Recent studies point to two classifications of relapse related LSCs: the first classification is known as LSCs of committed relapse origin, where these cells are most like the diagnostic cell type and were able to evolve similarly to the diagnostic dominant clone. The second classification is the LSCs of primitive relapse origin, which are rare cells at the diagnosis of the disease and do not usually form blasts. However, these cells may show greater resistance to treatment and later clonal evolutions, causing the patient to relapse, which usually continues with the increase in the amount of LSCs and with greater heterogeneity (81, 82).

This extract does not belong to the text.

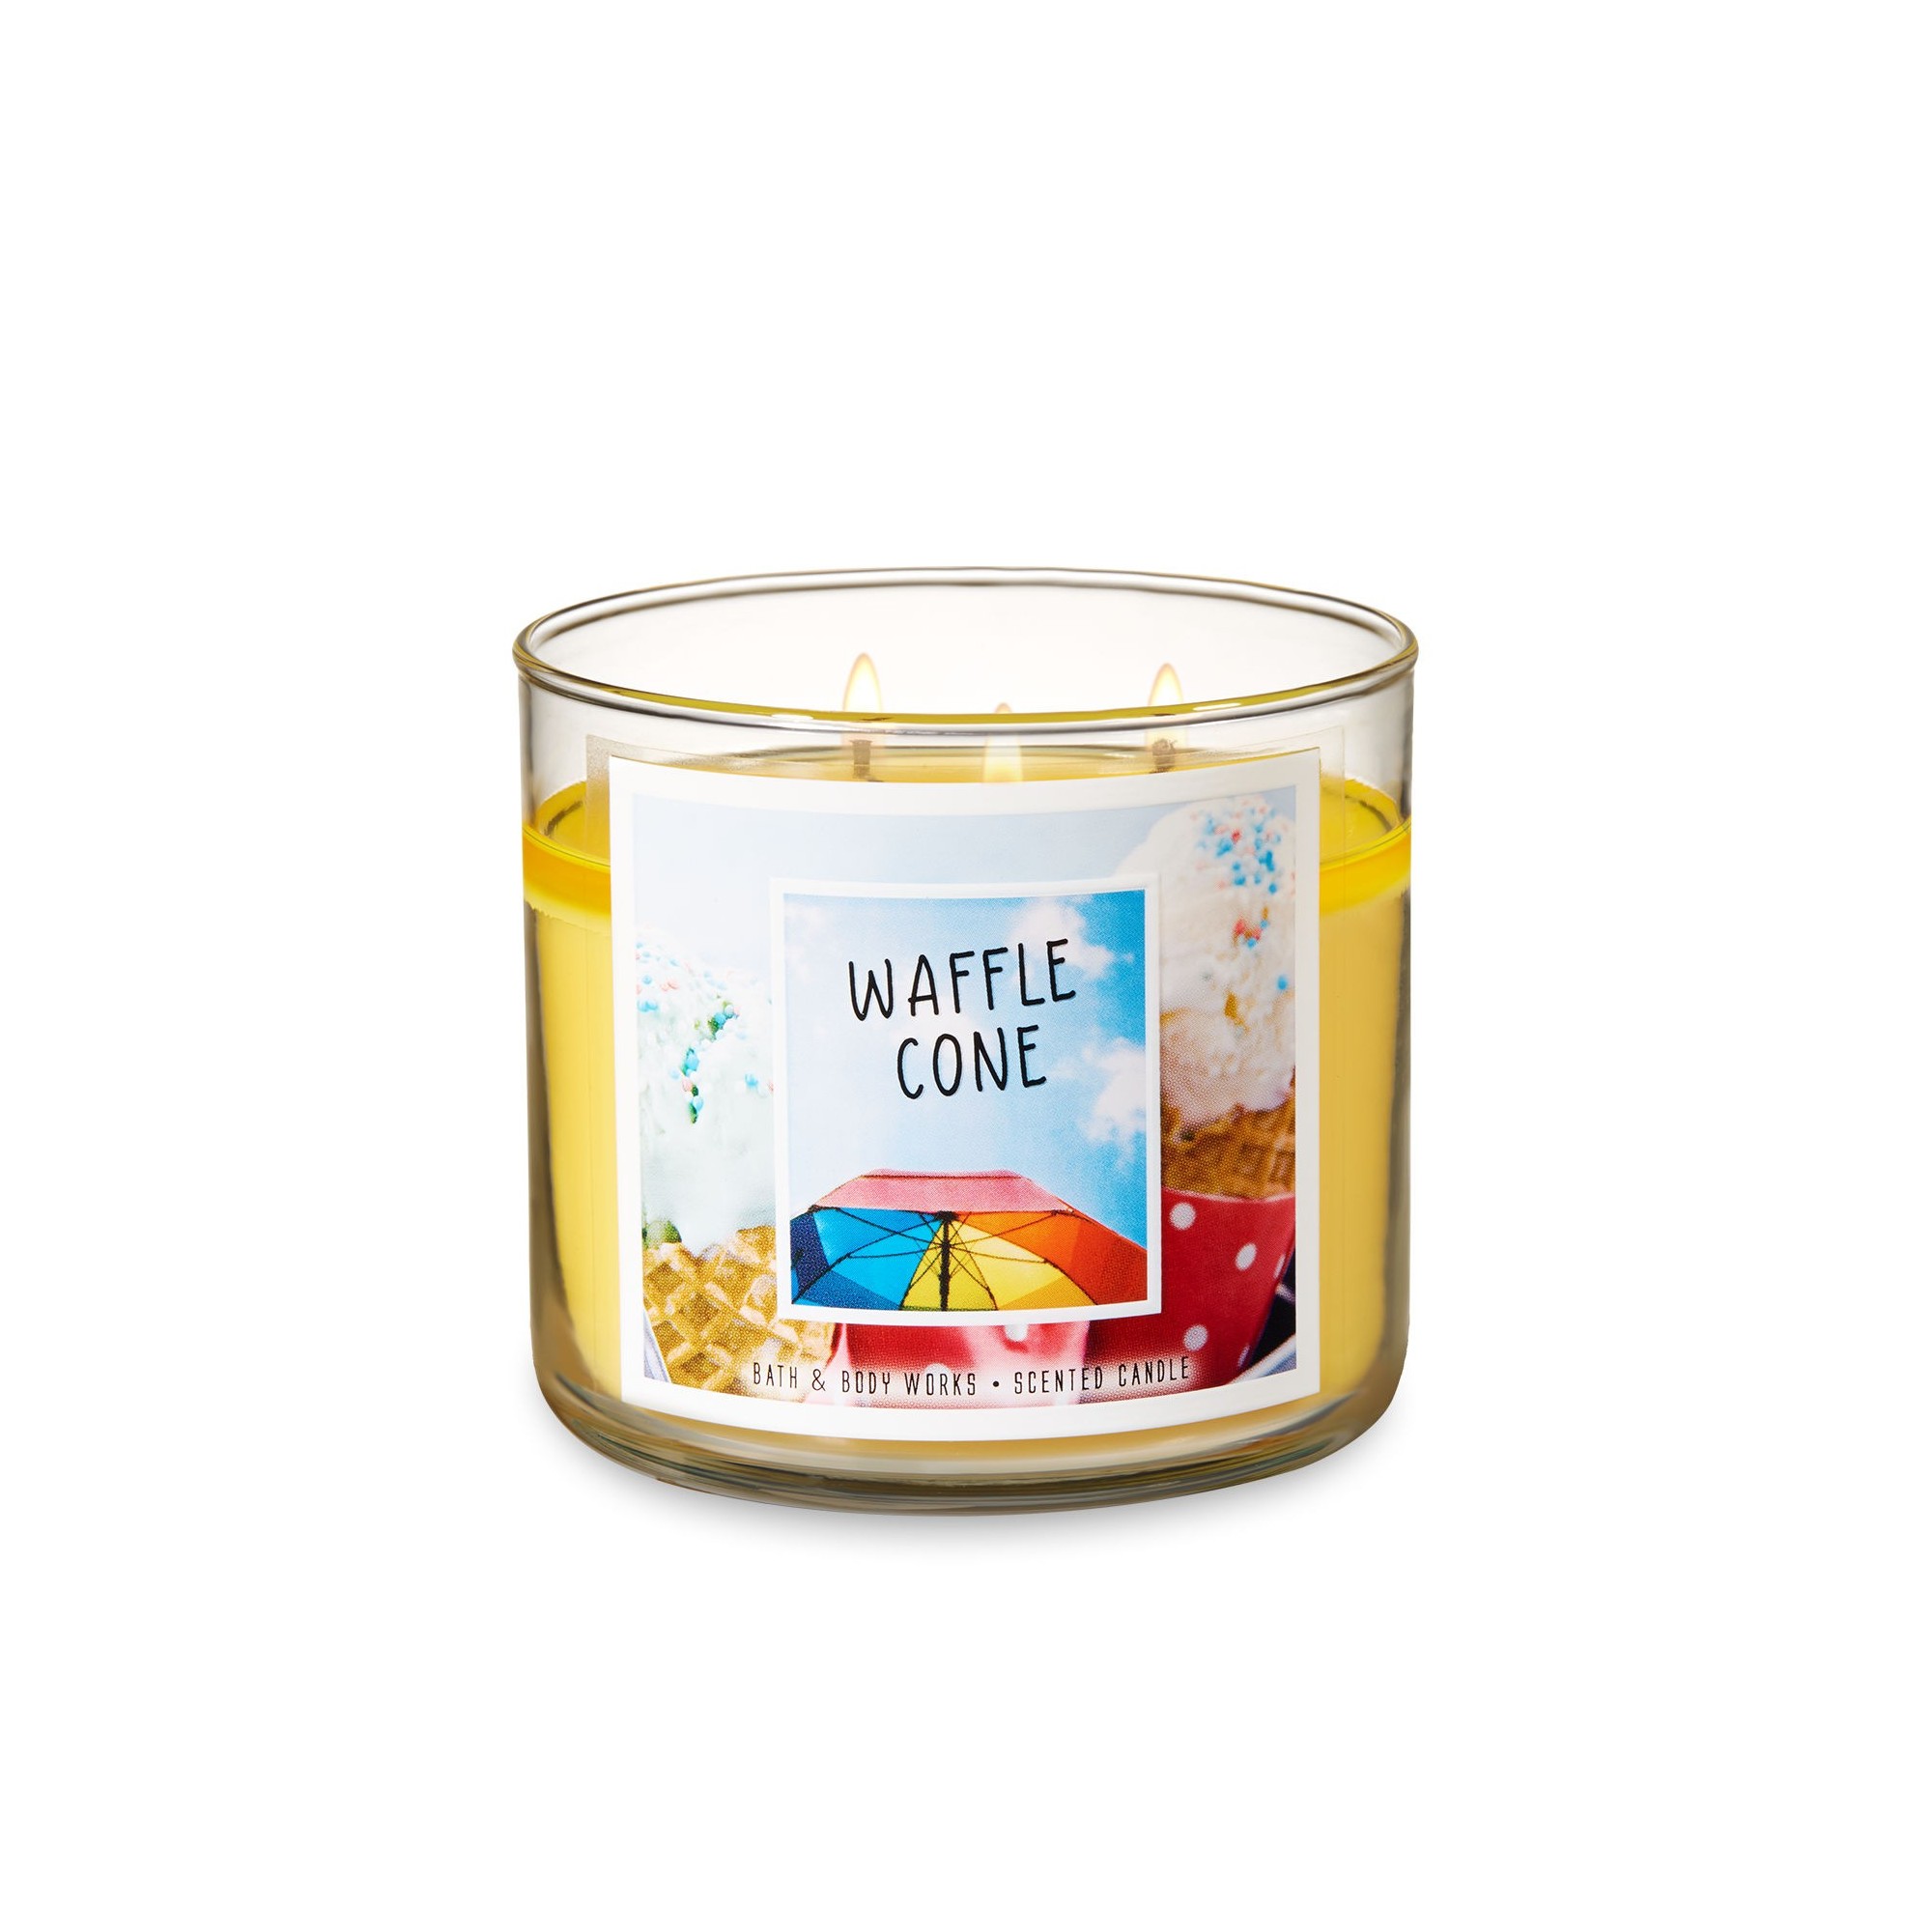 Bath & Body Works Waffle Cone 3 Wick Scented Candle

Studies reveals that LSCs levels correspond to the clinical and laboratory characteristics of the patient. Due to their insufficient morphological and biochemical characterization, LSCs cannot be reliably measured in patient samples. However, as a consequence of the finite capacity of the joined stem cell niche, HSCs can act as a biomarker for LSCs numbers and help identify patients with an adverse clinical outcome (74, 83, 84).
This is noticeable through the LSCs and the HSCs count, considering that the BM may have a limited number of cells. Therefore, LSCs and HSCs compete for niches, their values being inversely proportional, that is, the more LSCs the less HSCs. Therefore, patients who had a low LSCs load also had lower blast, platelet, and leukocyte counts. In addition to clinical features, the cells count can represent how it might respond molecularly. This is important when evaluating the chosen treatment. Therefore, lower levels of LSCs are associated with a better molecular response to treatment (85, 86).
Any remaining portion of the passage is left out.